A business owner plans to purchase the same model of chair for each of the 81 employees. The total budget...
GMAT Algebra : (Alg) Questions
A business owner plans to purchase the same model of chair for each of the \(\mathrm{81}\) employees. The total budget to spend on these chairs is \(\$14{,}000\), which includes a \(\mathrm{7\%}\) sales tax. Which of the following is closest to the maximum possible price per chair, before sales tax, the business owner could pay based on this budget?
\(\$148.15\)
\(\$161.53\)
\(\$172.84\)
\(\$184.94\)
1. TRANSLATE the problem information
- Given information:
- 81 chairs needed (same model)
- Total budget = $14,000 (this INCLUDES 7% sales tax)
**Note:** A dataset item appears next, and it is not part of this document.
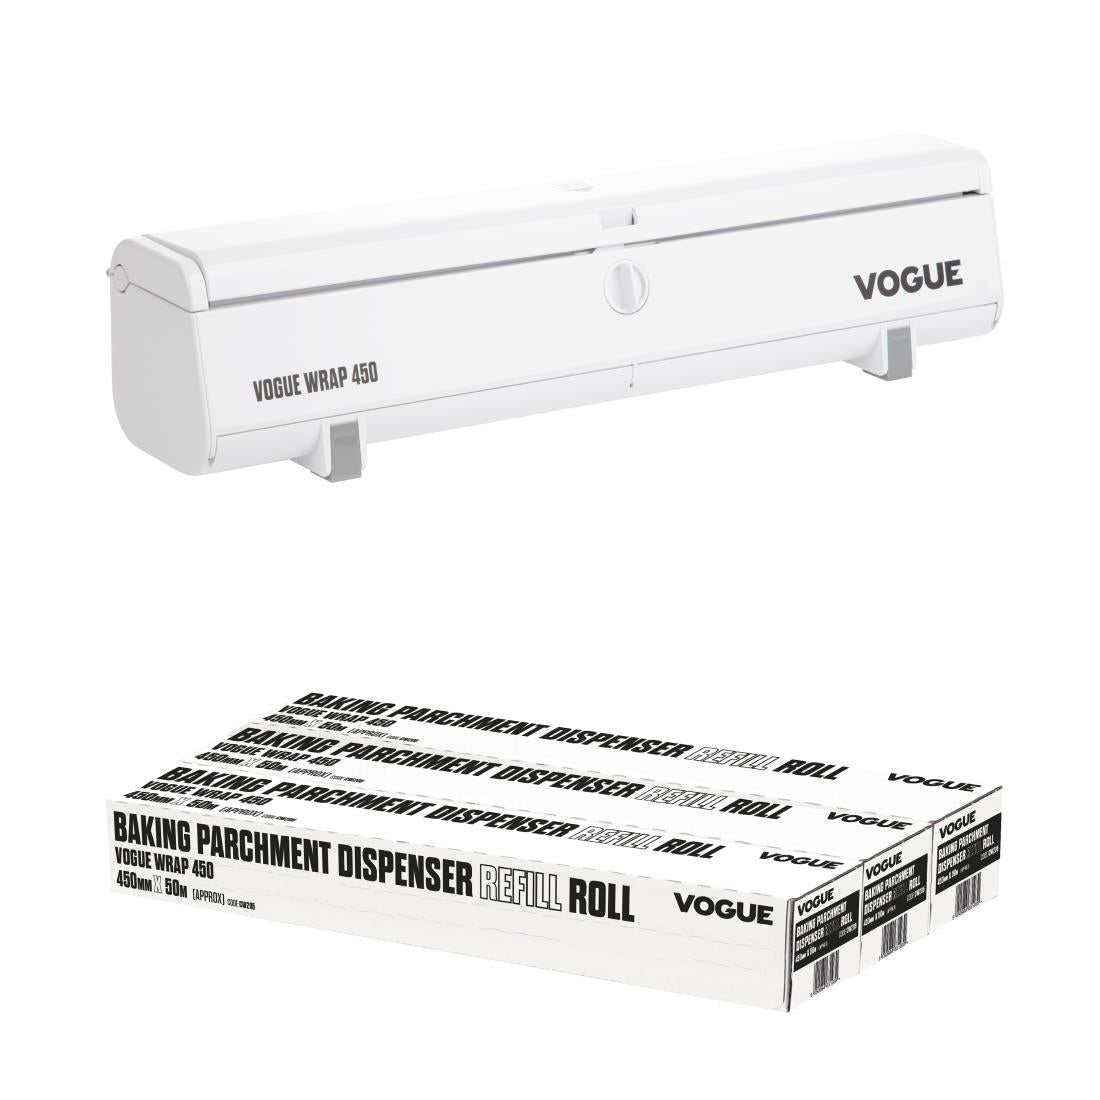 SA779 Vogue Wrap 450 Parchment Dispenser Bundle

- Need to find maximum price per chair BEFORE sales tax
- Let \(\mathrm{p}\) = price per chair before sales tax
2. INFER the mathematical relationship
- Since the budget includes sales tax, we need to account for the 7% tax
- Total cost with tax = (cost before tax) × (1 + tax rate)
- Total cost with tax = \(\mathrm{81p \times 1.07}\)
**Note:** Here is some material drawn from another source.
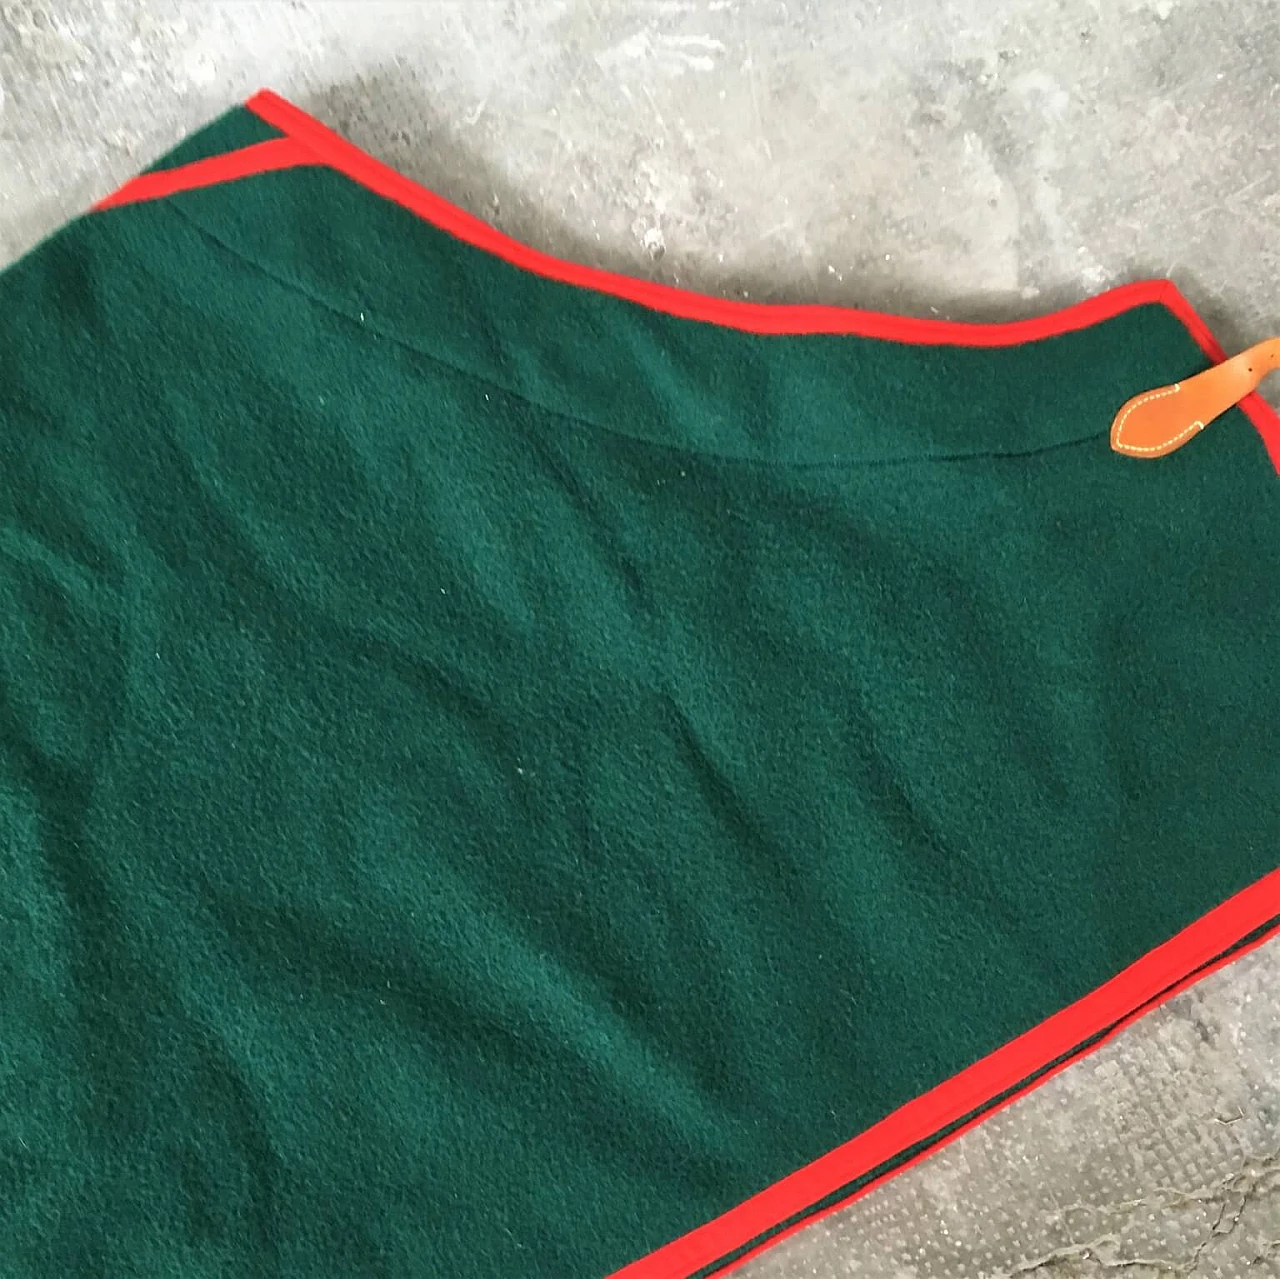 Coperta verde Selleria Pariani, realizzata a mano, pura lana vergine, profili rossi e cuoio, 1980 1071713

- This total cannot exceed our budget of $14,000
3. TRANSLATE this constraint into an inequality
- Budget constraint: \(\mathrm{81p(1.07) \leq 14,000}\)
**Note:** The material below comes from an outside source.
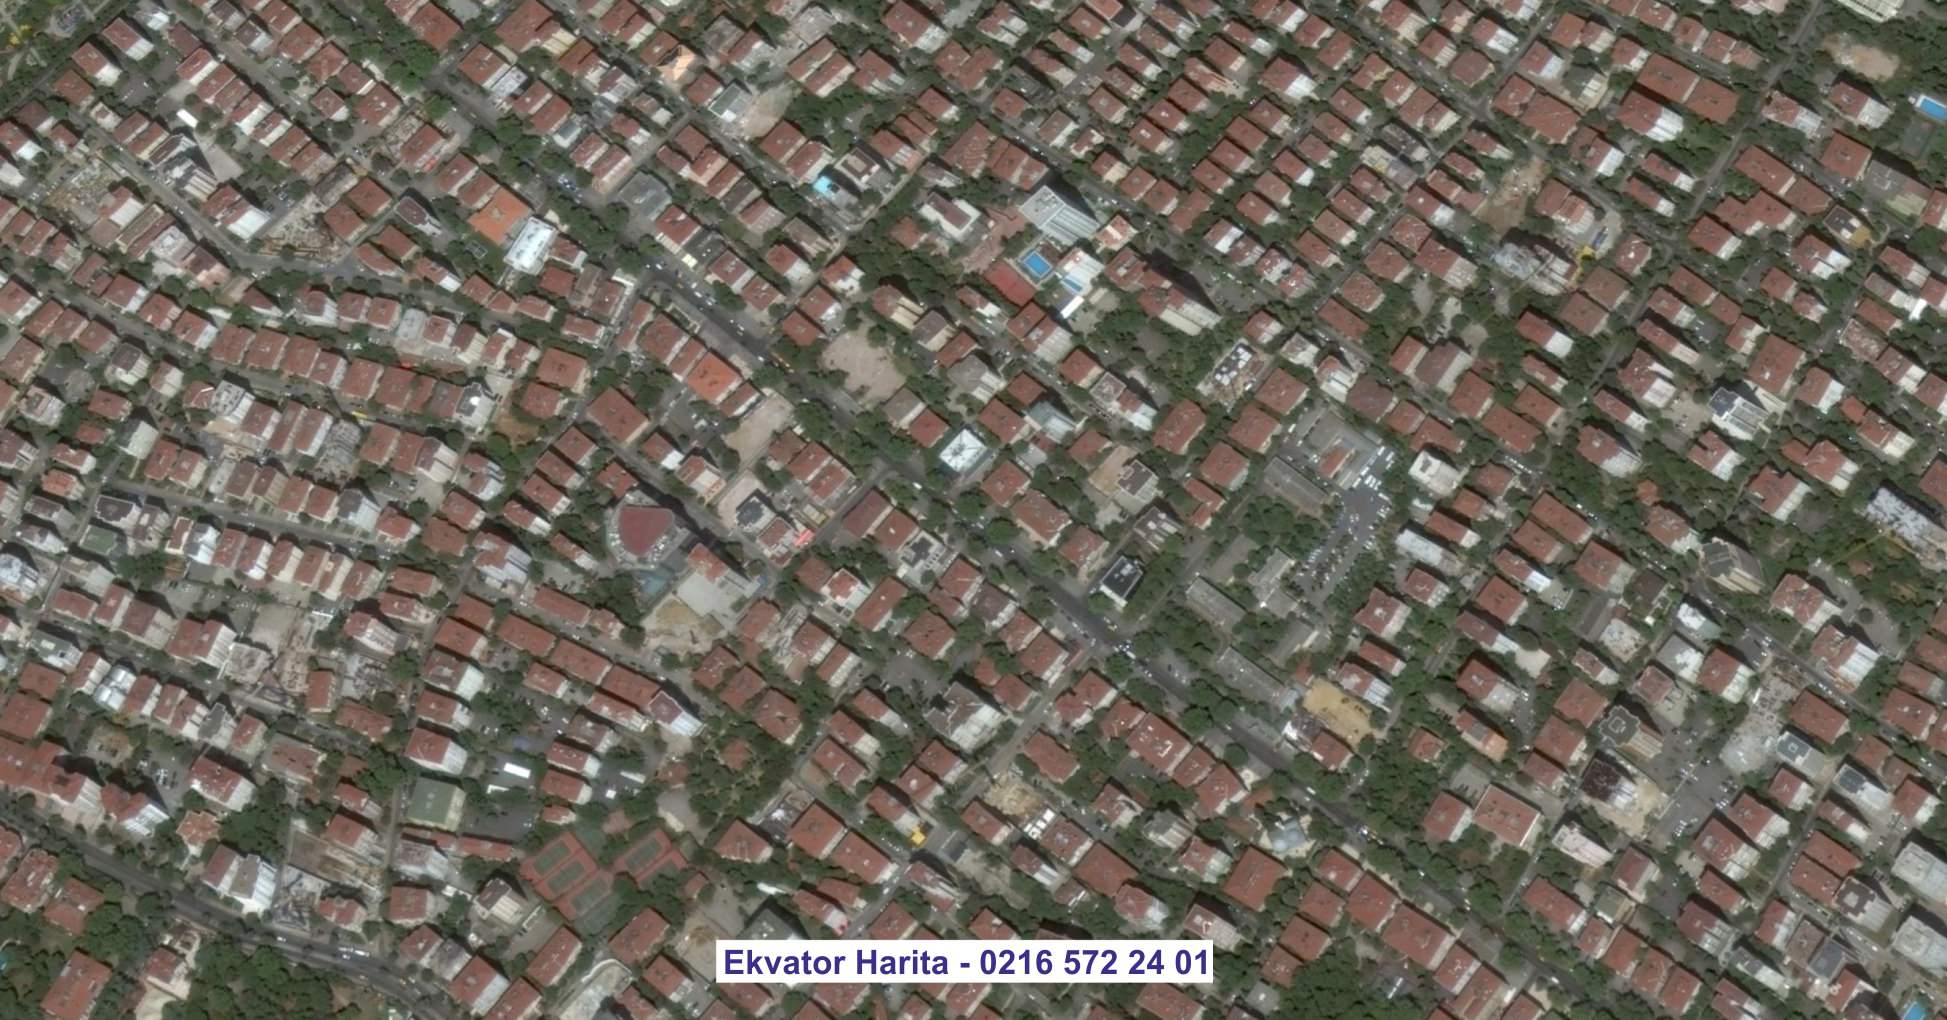 Kütahya Uydu Görüntüsü Örnek Fotoğrafı

- The "≤" symbol means "at most" - we cannot spend more than $14,000
4. SIMPLIFY to solve for the maximum price per chair
- Divide both sides by 81(1.07):
\(\mathrm{p \leq 14,000 \div (81 \times 1.07)}\)
\(\mathrm{p \leq 14,000 \div 86.67}\) (use calculator)
\(\mathrm{p \leq 161.53}\)
5. APPLY CONSTRAINTS to select the final answer
- The maximum price per chair before sales tax is $161.53
Answer: B. $161.53
Why Students Usually Falter on This Problem
Most Common Error Path:
Weak TRANSLATE reasoning: Students misunderstand what "including sales tax" means and treat the $14,000 as the pre-tax amount.
They calculate: \(\mathrm{14,000 \div 81 = \$172.84}\) and think this is the answer, completely ignoring the sales tax component.
This leads them to select Choice C ($172.84) - which is actually the maximum total price per chair including tax, not the pre-tax price.
Second Most Common Error:
Poor INFER skill: Students recognize that sales tax is involved but incorrectly think they need to add 7% to the budget rather than recognizing the budget already includes the tax.
They might calculate: \(\mathrm{(14,000 \times 1.07) \div 81 = \$184.94}\), thinking they need to account for tax on top of the budget.
This may lead them to select Choice D ($184.94).
The Bottom Line:
The key challenge is correctly interpreting "includes sales tax" - students must recognize this means the $14,000 is the final amount (post-tax), so they need to work backwards to find the pre-tax price that would result in this total after adding 7% tax.
\(\$148.15\)
\(\$161.53\)
\(\$172.84\)
\(\$184.94\)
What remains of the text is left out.